Task to carry out »
All that belongs in the answer is the lines from the one containing "MG tattoo 天使之心日系唯美粉色天使翅膀图案手臂小腿防水纹身贴" to the end of the listing below, copied exactly, pictures excluded.

Given information »
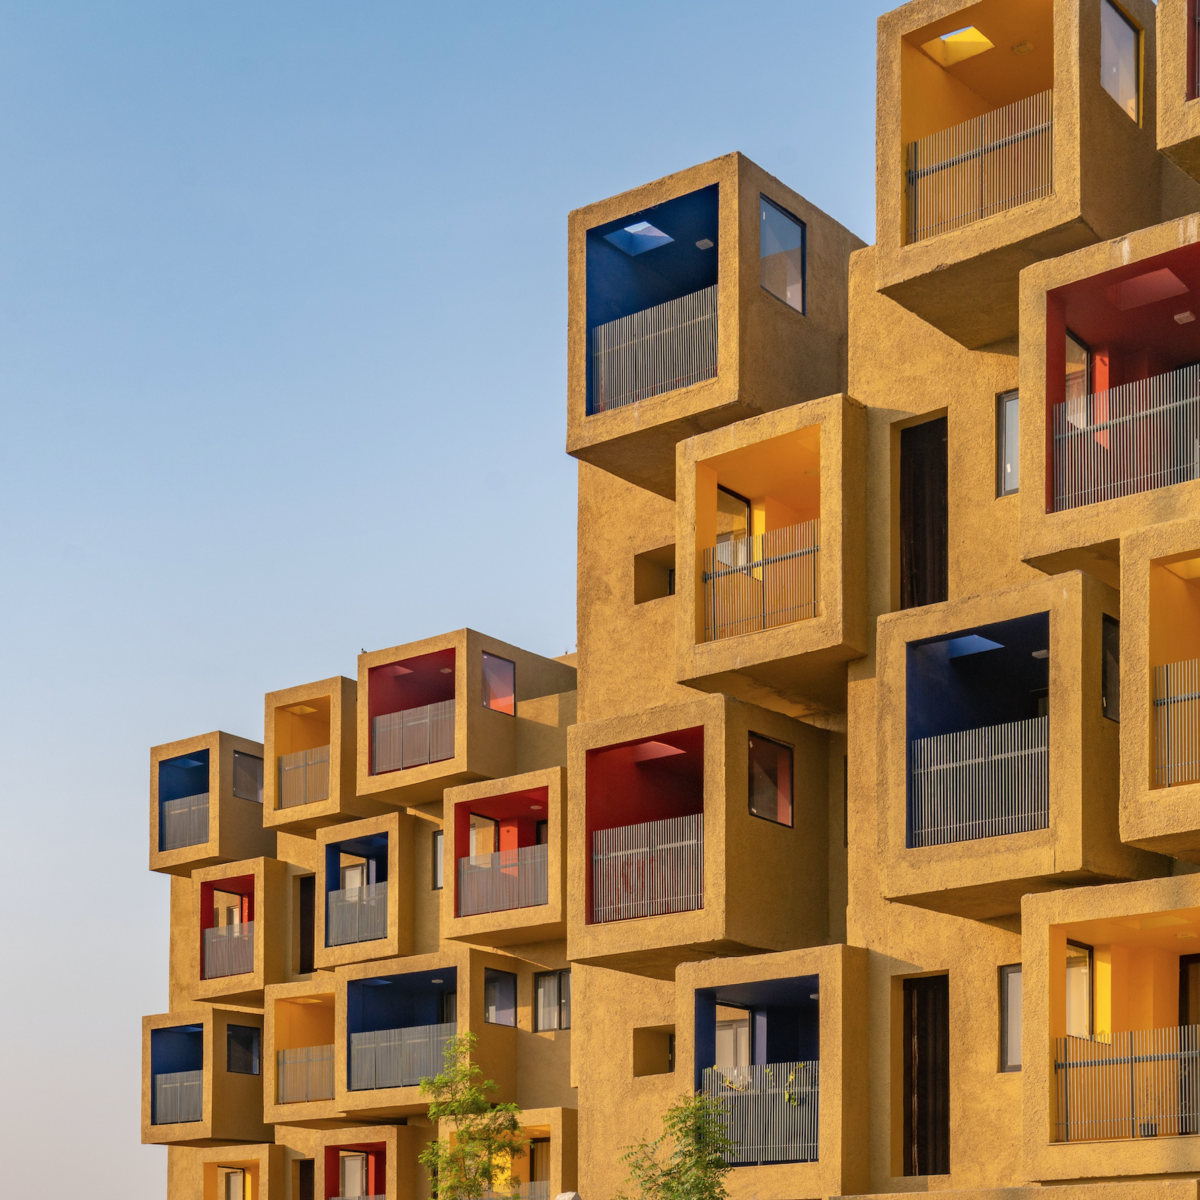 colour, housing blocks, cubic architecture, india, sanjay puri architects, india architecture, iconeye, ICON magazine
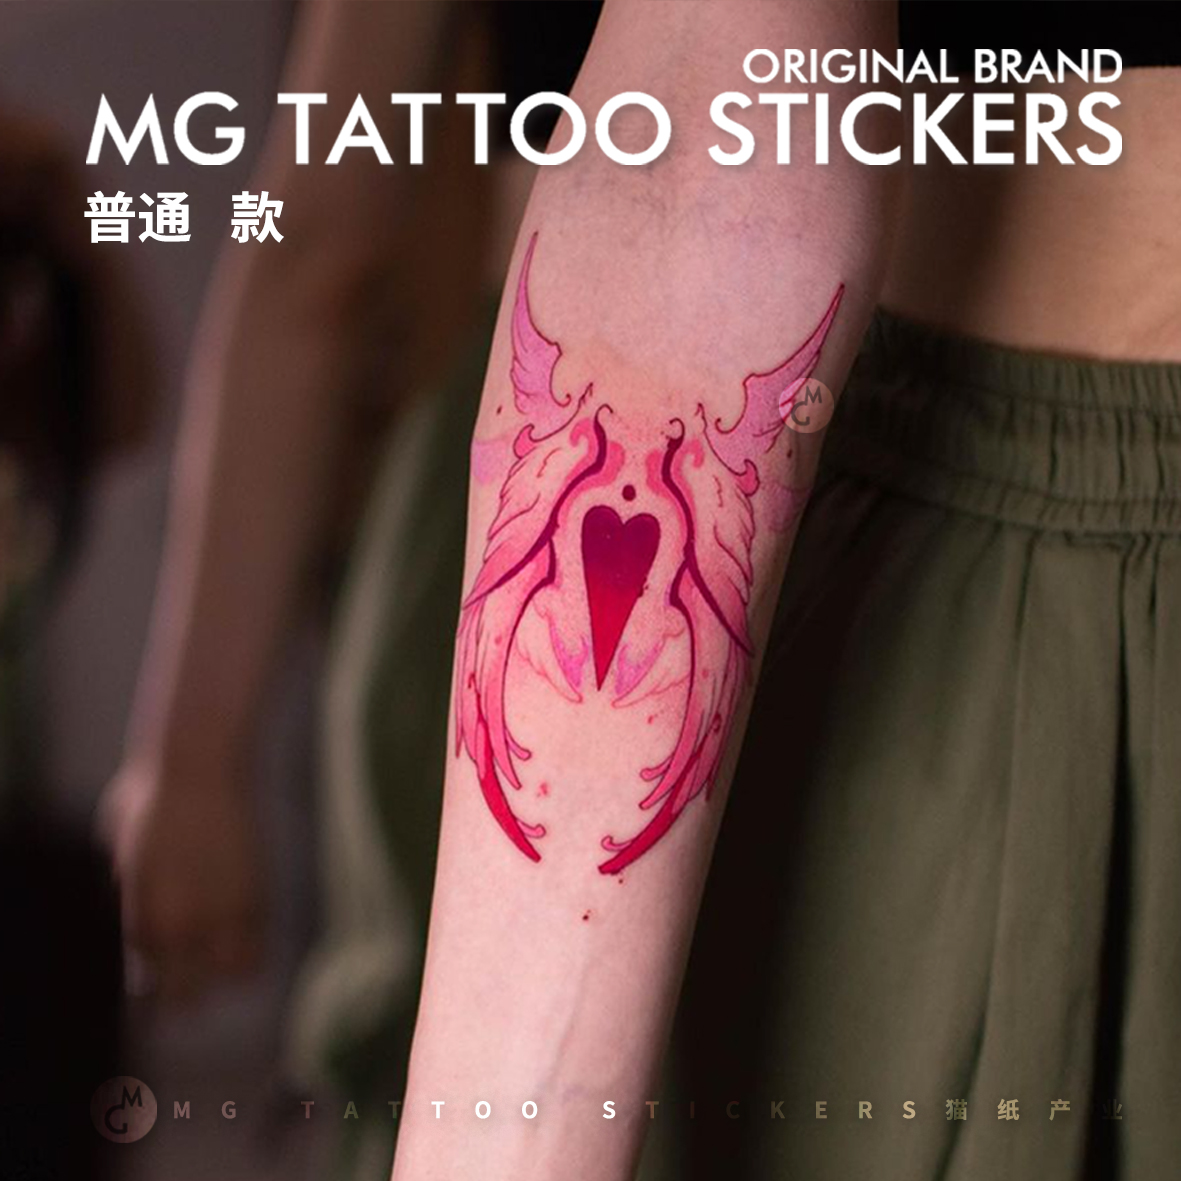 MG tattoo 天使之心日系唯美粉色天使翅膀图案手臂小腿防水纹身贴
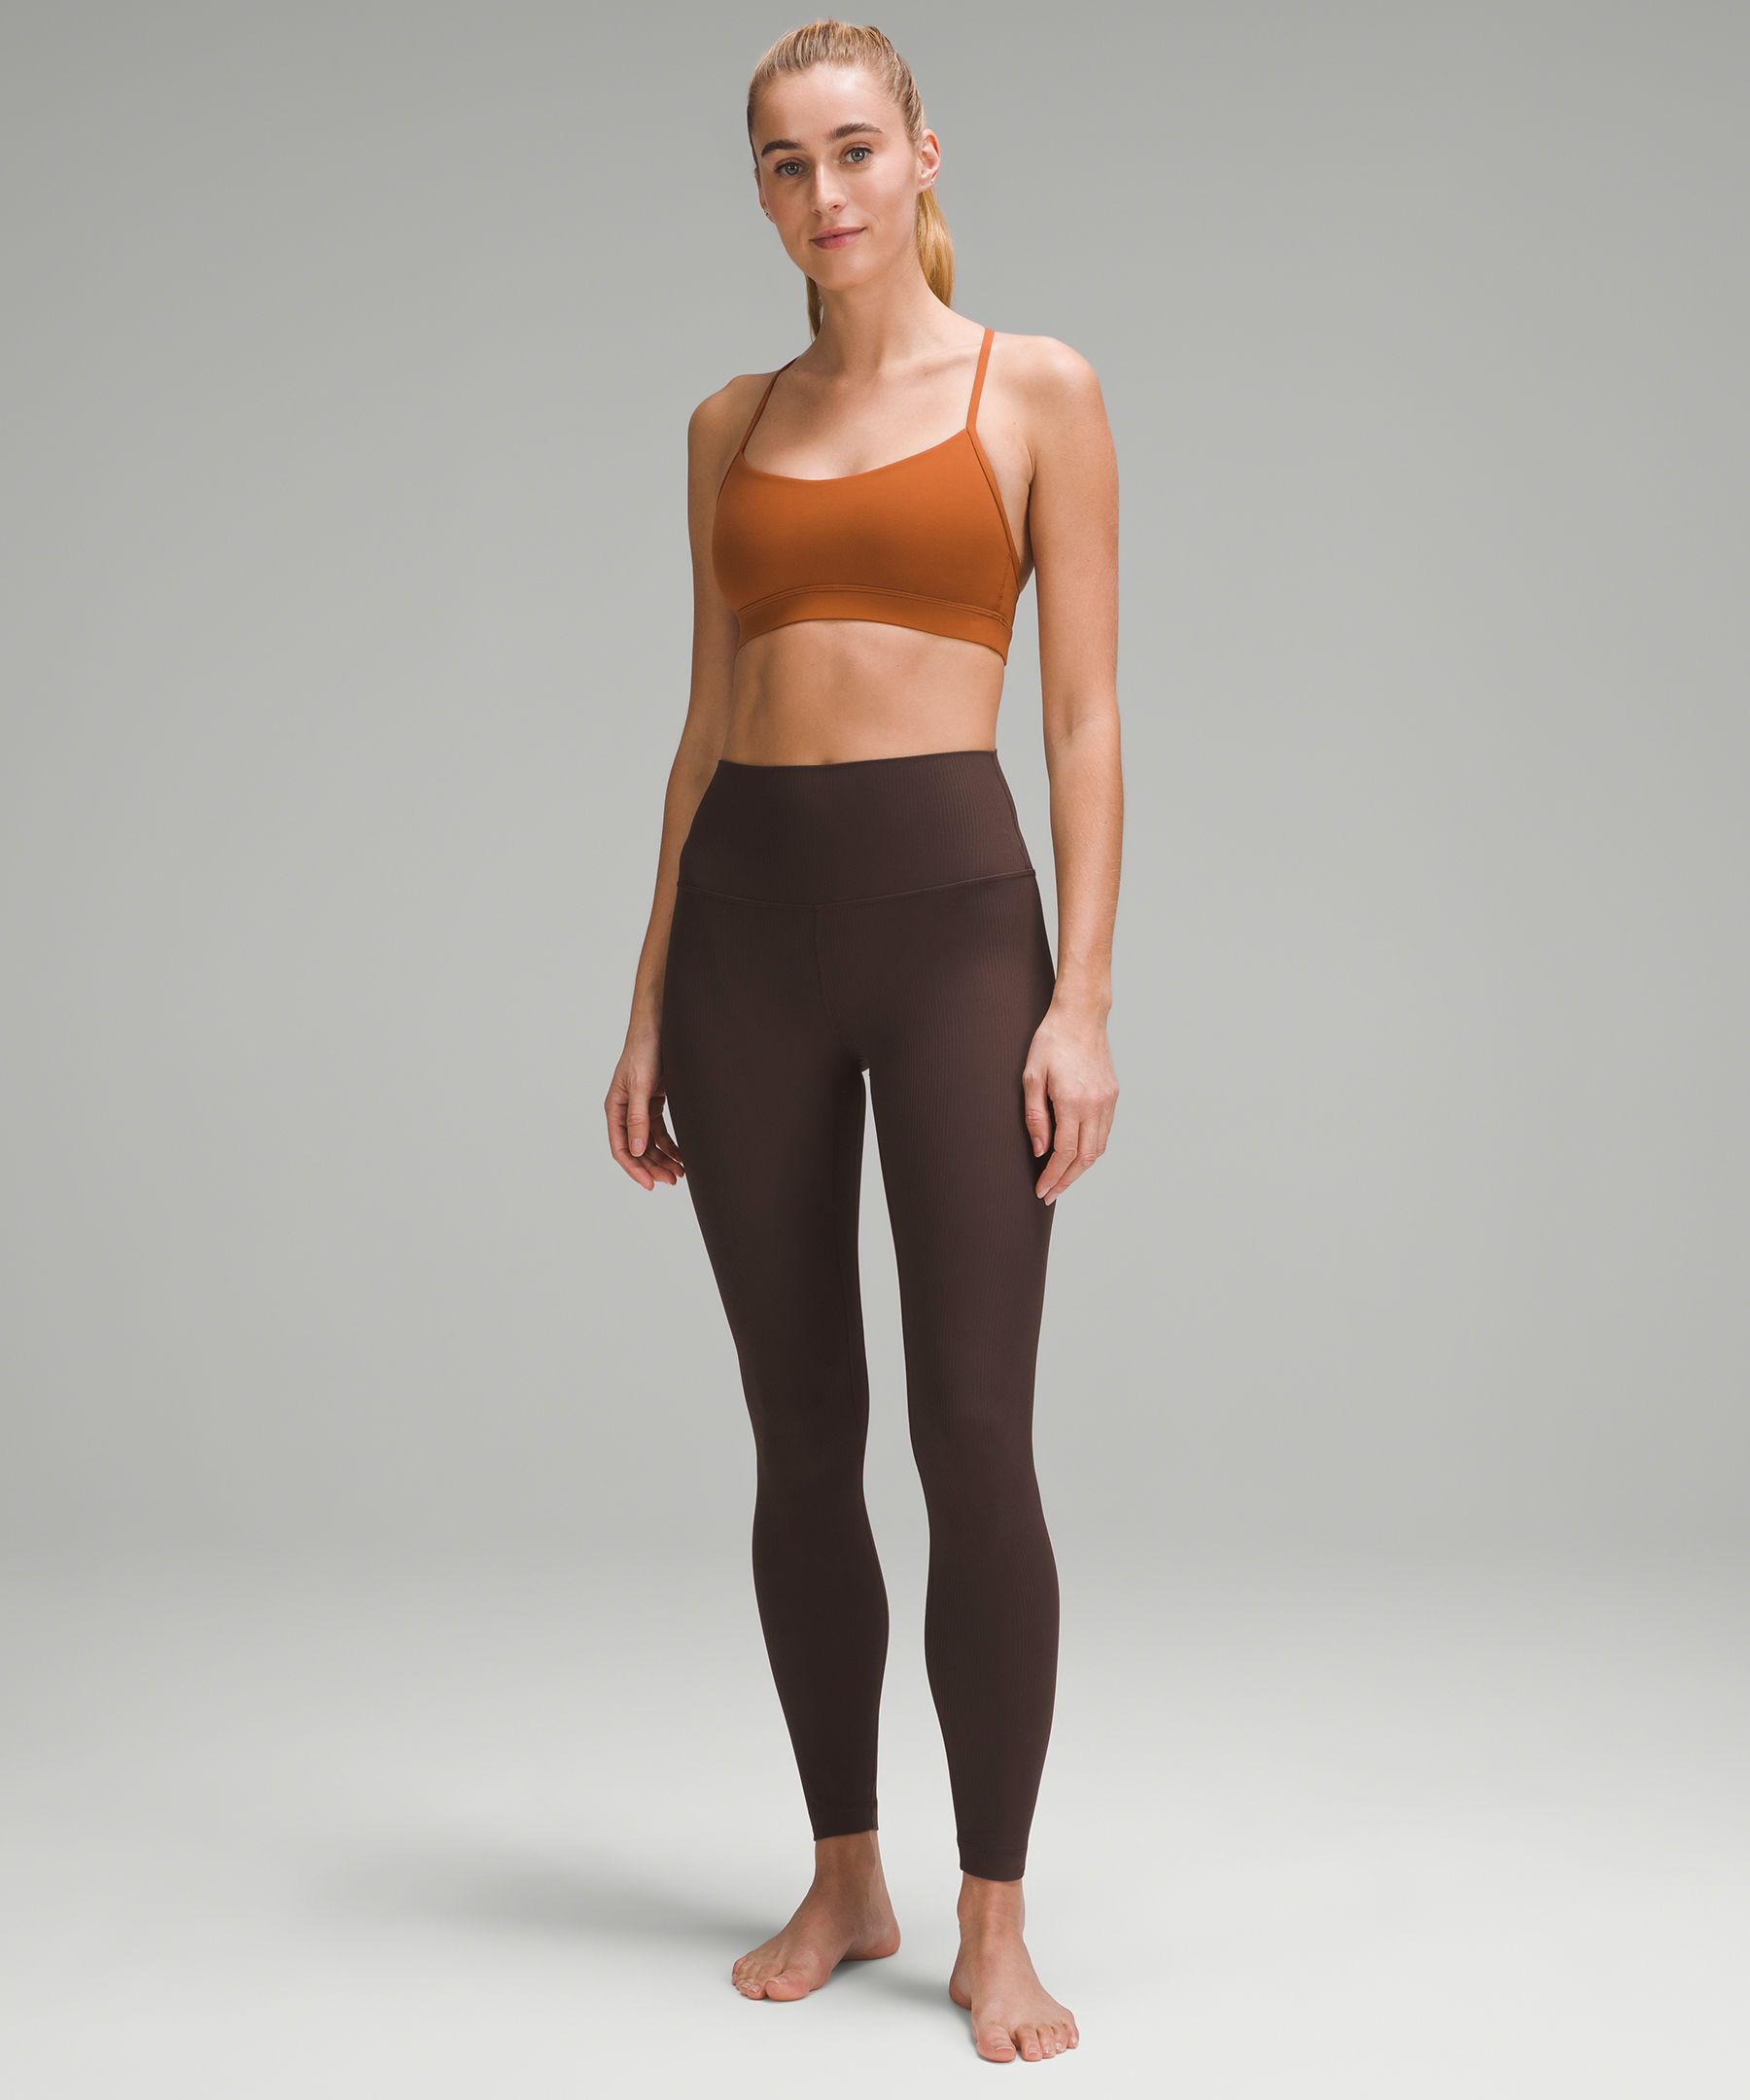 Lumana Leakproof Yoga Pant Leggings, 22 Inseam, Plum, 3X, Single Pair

Result of the exercise »
 MG tattoo 天使之心日系唯美粉色天使翅膀图案手臂小腿防水纹身贴
 Lumana Leakproof Yoga Pant Leggings, 22 Inseam, Plum, 3X, Single Pair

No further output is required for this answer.